Alice Meets… Pete Rock

Categorised as INTERVIEW., MUSIC.

 ‘The Creator’

His instrumentals absorb you entirely into their endless depth and hypnotic loops, and those magnetic samples lure then leave you speechless at their perfect treatment; Pete Rock production is just unparalleled. And if you don’t agree, then you don’t got soul my friend.

If there’s a record that truly deserves cherishing, it is ‘Petestrumentals’ – an aural journey to be had, from getting lost in the haunting subtlety of ‘Smooth Sailing’, intense head-nodding to ‘Nothin’ Lesser’, induced booty-shaking to ‘Back on the Block’, to marvelling at the pure perfection of ‘Pete’s Jazz’s layered composition.

Basically, regardless of the musical mood of his sonic vibrations, the force that permeates through all that Rock creates is unyielding Soul.

He is best known for his legendary partnership with the slick emcee CL Smooth; CL’s rhymes blending conscious lyrics with cheeky innuendo to complement Rock’s addictively soulful beats. The music they created together through the first half of the nineties on classic albums ‘Mecca and the Soul Brother’ and ‘The Main Ingredient’ is genuine Hip Hop gold, and the delicious ‘I Got A Love’ is one of my very favourite jams.

Pete Rock is crazy prolific at the moment with about a dozen projects on the go, and his dream-team collaboration ‘Monumental’ with Smif N Wessun dropped a few weeks back.  Whilst ‘That’s Hard’ featuring Sean Price and Styles P and title track ‘Monumental’ featuring Tyler Woods both have that big beat sound, I’d recommend checking out ‘Nighttime’ featuring Buckshot and ‘Roses’ featuring Freeway for some nice dirty flows.

Last month Rock was in London on tour with the musical legend Roy Ayers, and took a little time to chat to me about his current work, production methods, the importance of music, and the disgusting ruckus that went down at the ‘Monumental’ launch party in New York…

So, congratulations on ‘Monumental’ –

Thank you.

Could you tell me a little about the inspiration behind it, and the process recording it?

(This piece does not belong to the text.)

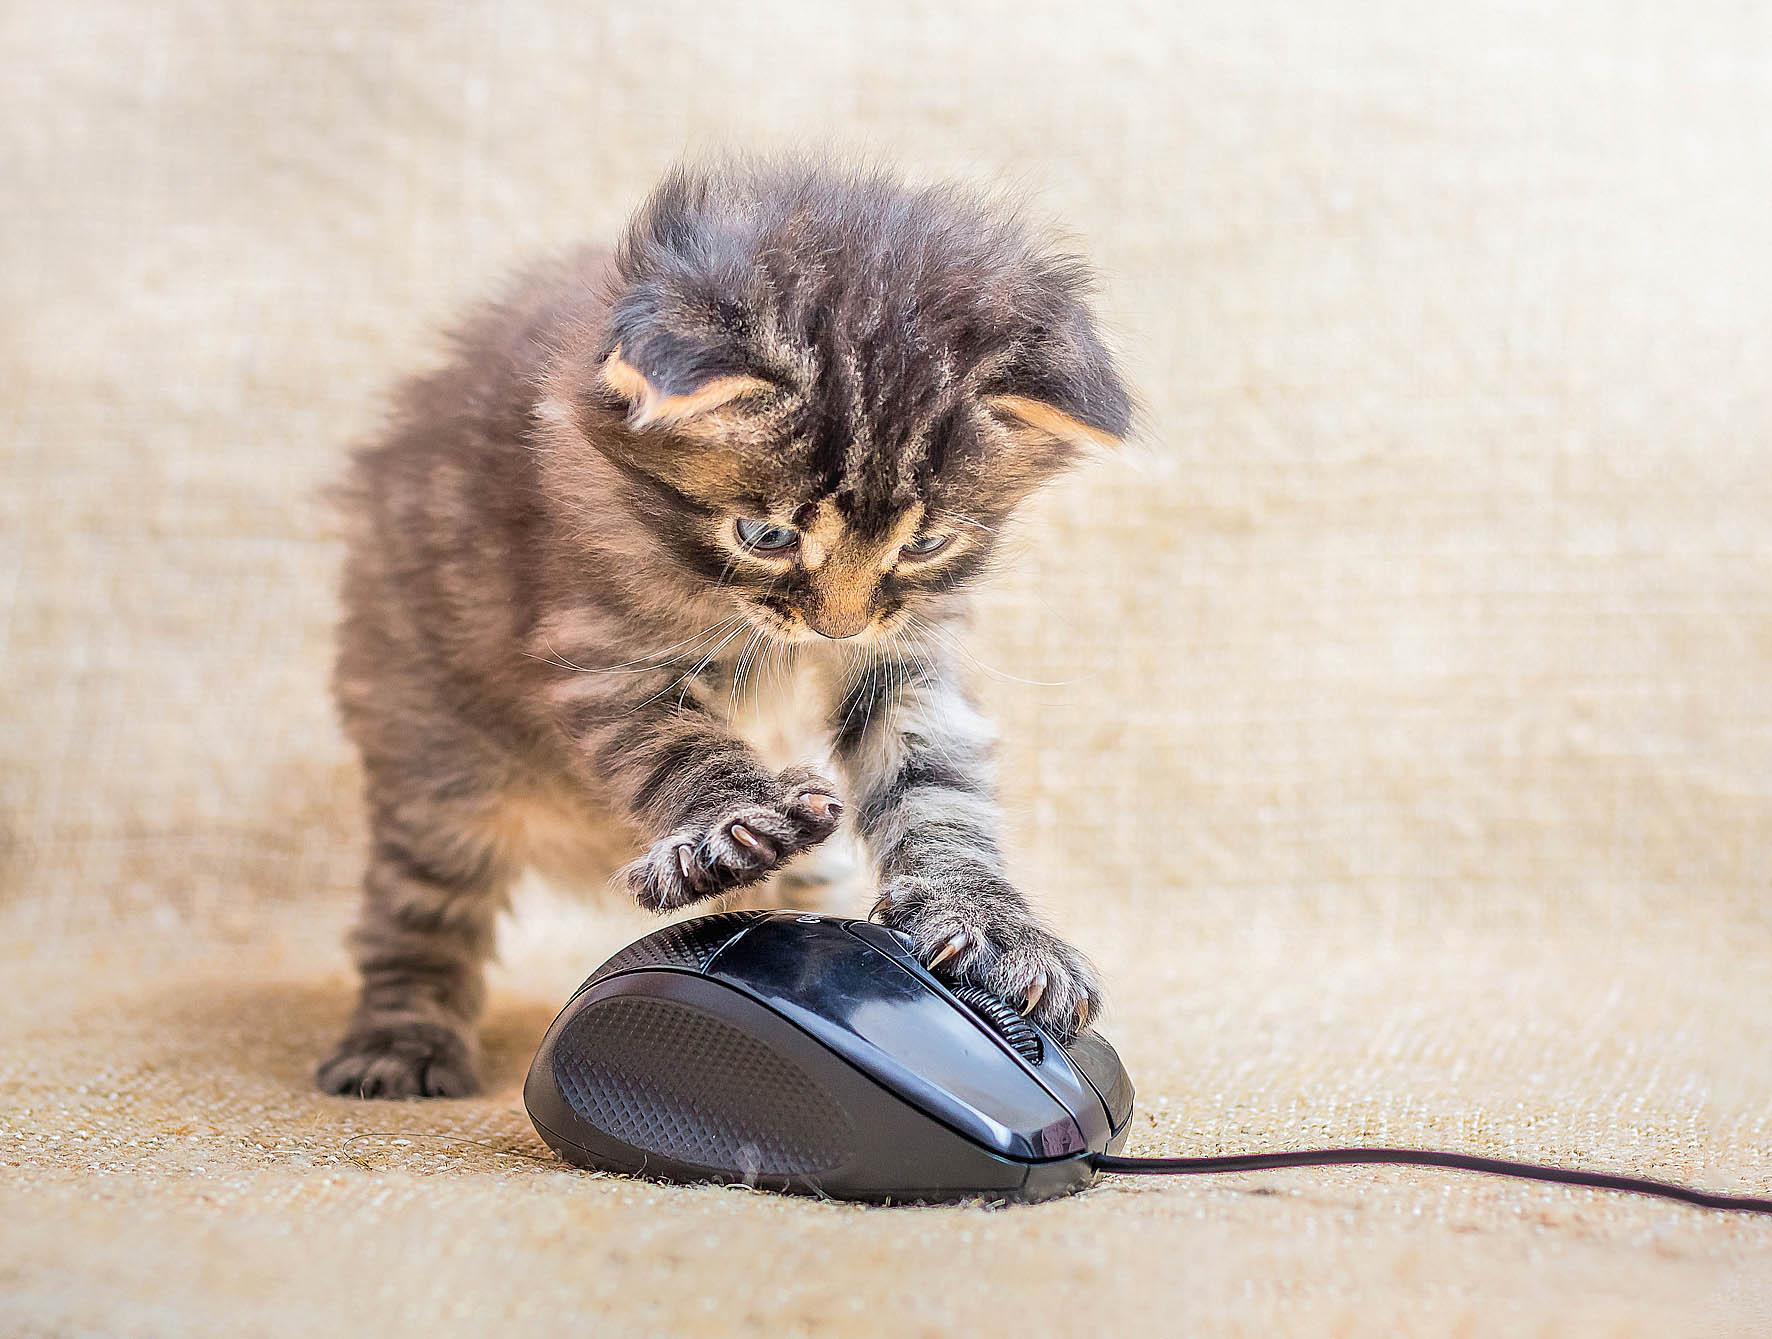 S kočkou se to zdá být jednodušší, protože z ní obvykle lidé strach nemívají.

The process was basically simple – I just followed a guideline of their first album, which was called ‘The Shining’, and just used that as a reference to make this new album. So I just gave the guys a bunch of beats, they picked fourteen beats, basically the album, and that was it you know? They picked the beats and we made it. That was the inspiration; the inspiration was the first album.

Smif-N-Wessun’s first album?

Yes.

Okay. You have a lot of projects on the go right now – would you be able to tell me where you’re at with that right now, what you’ve got coming up?

Well, the Camp Lo album is done, and the mix-tape, the Smif-N-Wessun is obviously out, Pete Rock and Premier is being worked on, ‘Pete Rock vs. Premier’, my solo ‘Petestrumentals 2’ I’m working on, and a solo album for Elzhi I’m working on as well.

Oh wow – that’s cool, I didn’t know you were doing stuff with Elzhi.

Yeah.

Nice – look forward to hearing that. I’m hoping to come to the show tomorrow night with Roy Ayers-

Yes, I’m here on tour with Roy, and we’re having a blast. He’s one of my idols and one of the great jazz artists that I’ve looked up to for a very long time, since I was a kid. Him and James Brown.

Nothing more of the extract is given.